Singapore Compared to Others: Where is the line drawn?
One may ask, why do these thresholds differ? At a certain level, these thresholds in practice are arbitrary. However, they have clear welfare implications of changing these thresholds. For example, in the value attached to toehold acquisitions. Which are requiring to be considering before changing them. The difference, perhaps, can be explaining by looking at the shareholdings and the ownership structures prevailing in these countries. Looking at Singapore, there is a very limited number of companies that are widely held. Most companies are government link (where the government owns 20% or more of the share capital), government owned or family controlled.
Controlling interest in terms of voting power.
There are also significant crossholdings across these firms which are again, ultimately, control by these same families. Therefore, in these companies, a person or group of persons not only exercise control over the company. But also have a controlling interest in terms of voting power. Consequently, a high number of shares would be requiring in order challenging this kind of control thereby justifying the 30% threshold. Unlike Singapore, however, in the UK, ownership of most companies is widely dispersed and has been so since the beginning of the 20th century for several reasons. With the rise of institutional investors, a large amount of the equity shareholdings in the majority of the UK firms are control by them.
Family ownership and/or control over companies are very low as compar to other European countries. However, since controlling stakes is hold by institutional investors. It is very difficult to acquire control over the voting rights in the company. Thereby, justifying the high threshold. Turning to the odd man out, India has taken to the Anglo-American system despite the unique features of Indian corporate culture. It has an ownership system which is a hybrid of the English and Singaporean systems. On one hand, India has an insider model of corporate governance where the dominant corporations were control by a small bunch of “insider” shareholders. Such a group is usually a family or the State and the inter-locking and pyramiding of corporate control within these groups helps secure their position and control over the company. It also increases the potential for violation of the rights of the minority shareholders.
Securities & Futures Act (“SFA”)
However, when one looks at the absolute ownership. These persons or groups own relatively small percentages of the voting rights in the company, much lesser than a majority percentage although they exercise considerable control over the corporations. A large amount of equity capital is own mostly by their institutional investors, both, domestic and foreign. Further, there are a wide number of disperse shareholders across the country.
Thus, even a threshold as low as 15% can sometimes affect the amount of control exercised in a company, thereby justifying the low threshold. In Singapore, Section 140 of the Securities & Futures Act (“SFA”) makes it an offence for any person to make an offer without an intention to make or honour or without any reasonable grounds for believing that he will be able to perform his obligations if the offer is accepted or approved punishable with fine and/or imprisonment of up to 7 years.
SFA and STC
Further, the SFA and the STC prohibit persons in possession of price sensitive information from dealing. And the SFA also provide for criminal sanctions for insider trading. However, breach of the STC itself does not attract any criminal liability per se. Although the SIC has the power to invoke such sanctions (including public censure) as it may decide for breach of the rules. Also, if SIC has reason to believe that a criminal offence is committing. Then it can recommend the Attorney General to prosecute the offender.
India, UK and Singapore
When the following are comparing – India, the UK and Singapore. We can realize that India has a bit stronger penalties for the common violation of their rules under takeover regulations, while the UK and Singapore do not. Going moreover, when it comes to the case of the UK. This is true despite the fact that the Takeover Panel is statutorily empower to impose compensatory liabilities where breach results in requiring pecuniary payments, a power it has rarely exercised.

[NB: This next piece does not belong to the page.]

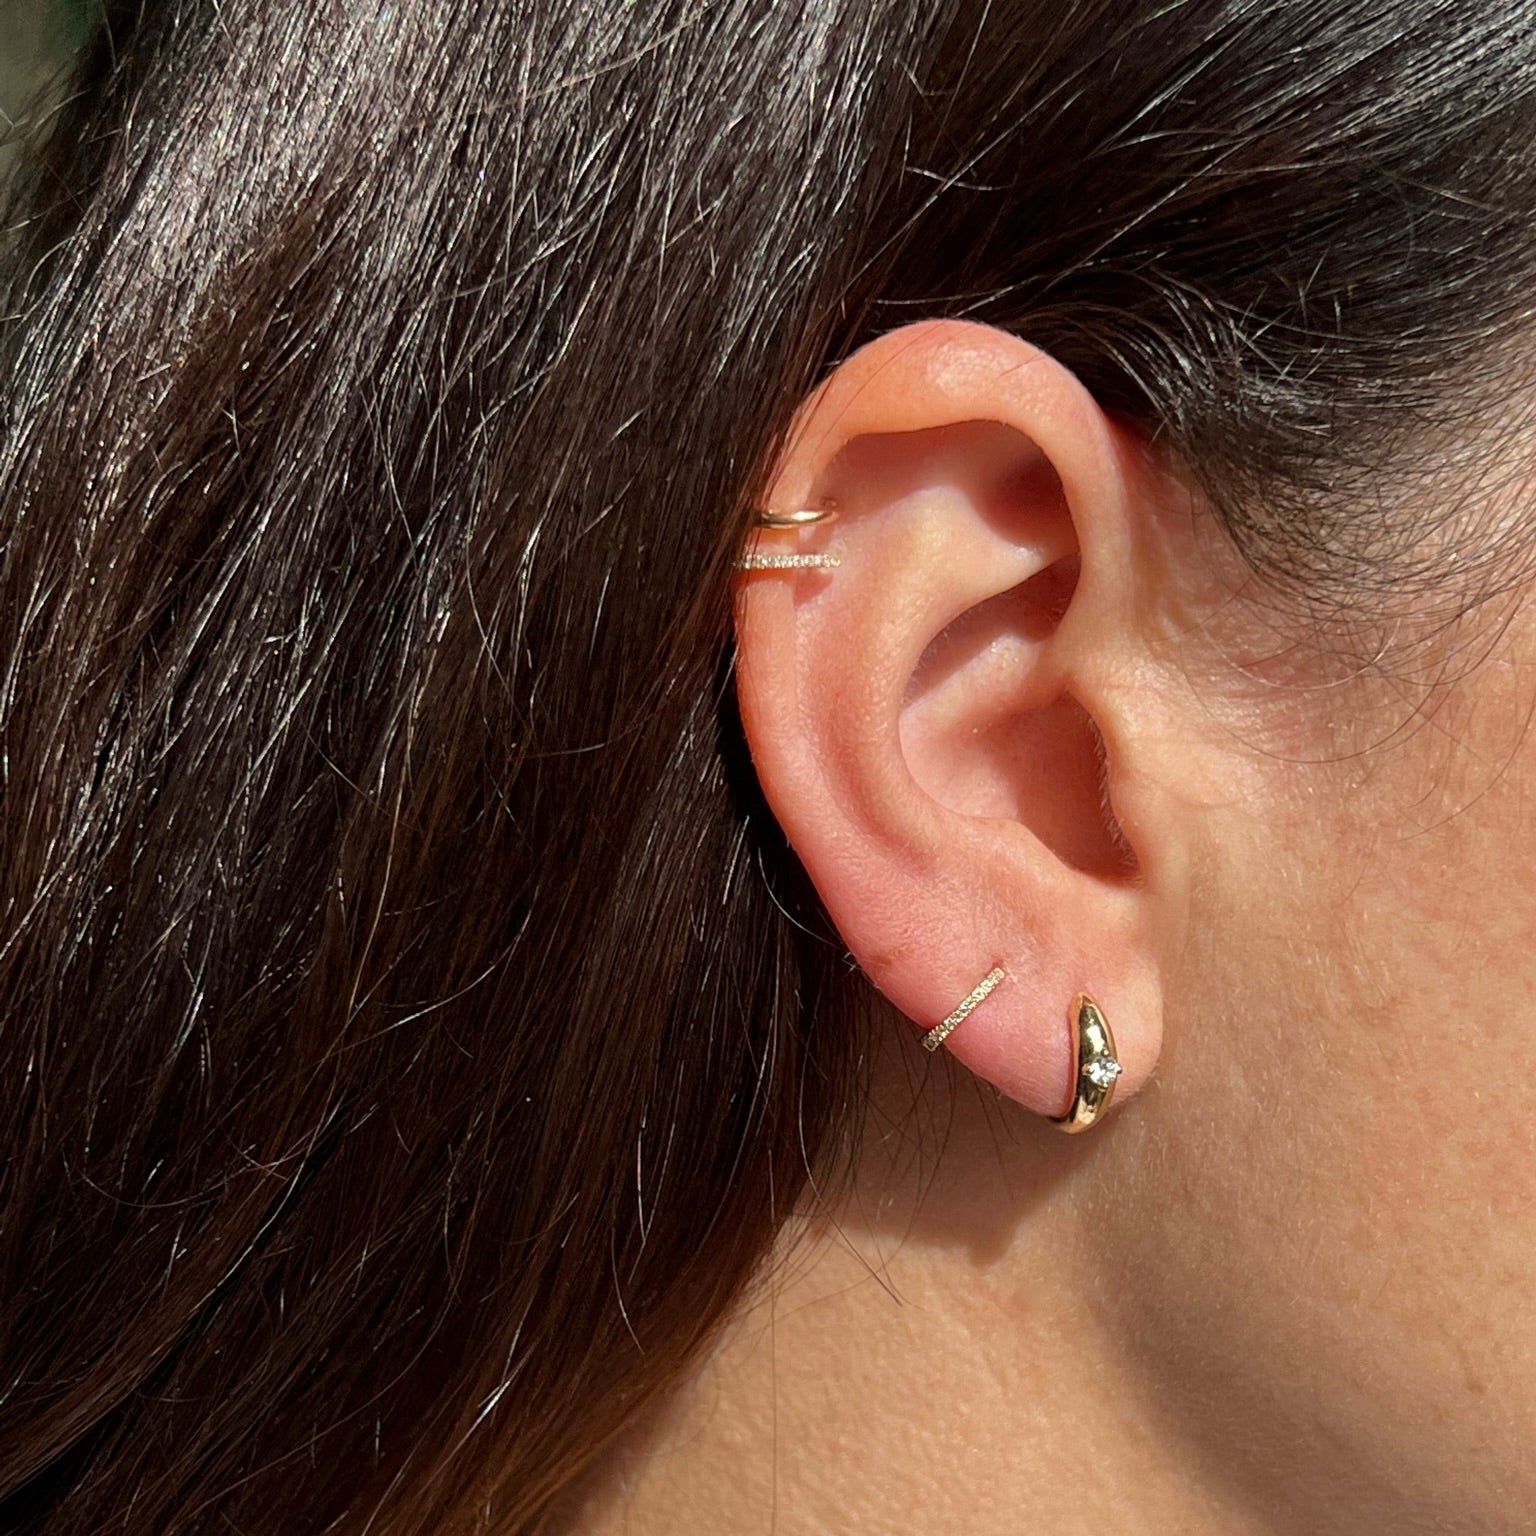 Tiny Helix Piercing Helix Earring Hoop Cartilage Hoop Helix

Thus, UK and Singapore appear to have taken a softer stand on the issue as compared to India. This can be understood by, once again, examining the context in which these rules operate. The researchers believe that many of the aforementioned reasons for such a system in the UK also explain the situation in Singapore. Further, it can also be explain by the principles and features that were emphasis in its drafting. Emphasis is lay on speeding up the takeover process, providing flexibility and preventing contentious litigation.
Equity share capital
Further, as has already been discussed, the Singapore market is a relatively small market with key families and the government controlling a large portion of the equity share capital. Additionally, these are the most likely persons to act as bidders in a takeover process. Therefore, not only is it easy to enforce compliance with the STC by the SIC. But it is also in the best interests of these various players in the market for corporate control who cannot afford censure from the market in which they hope to operate in the future.
Finally, the business environment and policies behind regulation in Singapore is very different from the West. The government has a conscious policy of not regulating areas unless absolutely necessary. In an attempt to make Singapore as business friendly as possible. The government is hesitant to increasing business costs and legislate on issues that can otherwise be voluntarily addresse by companies. Not only that, it employs a mixture of consensus building and the incentivising compliance. Rewarding a good corporate behaviour and providing great guidelines to help companies get to that point and wished goal.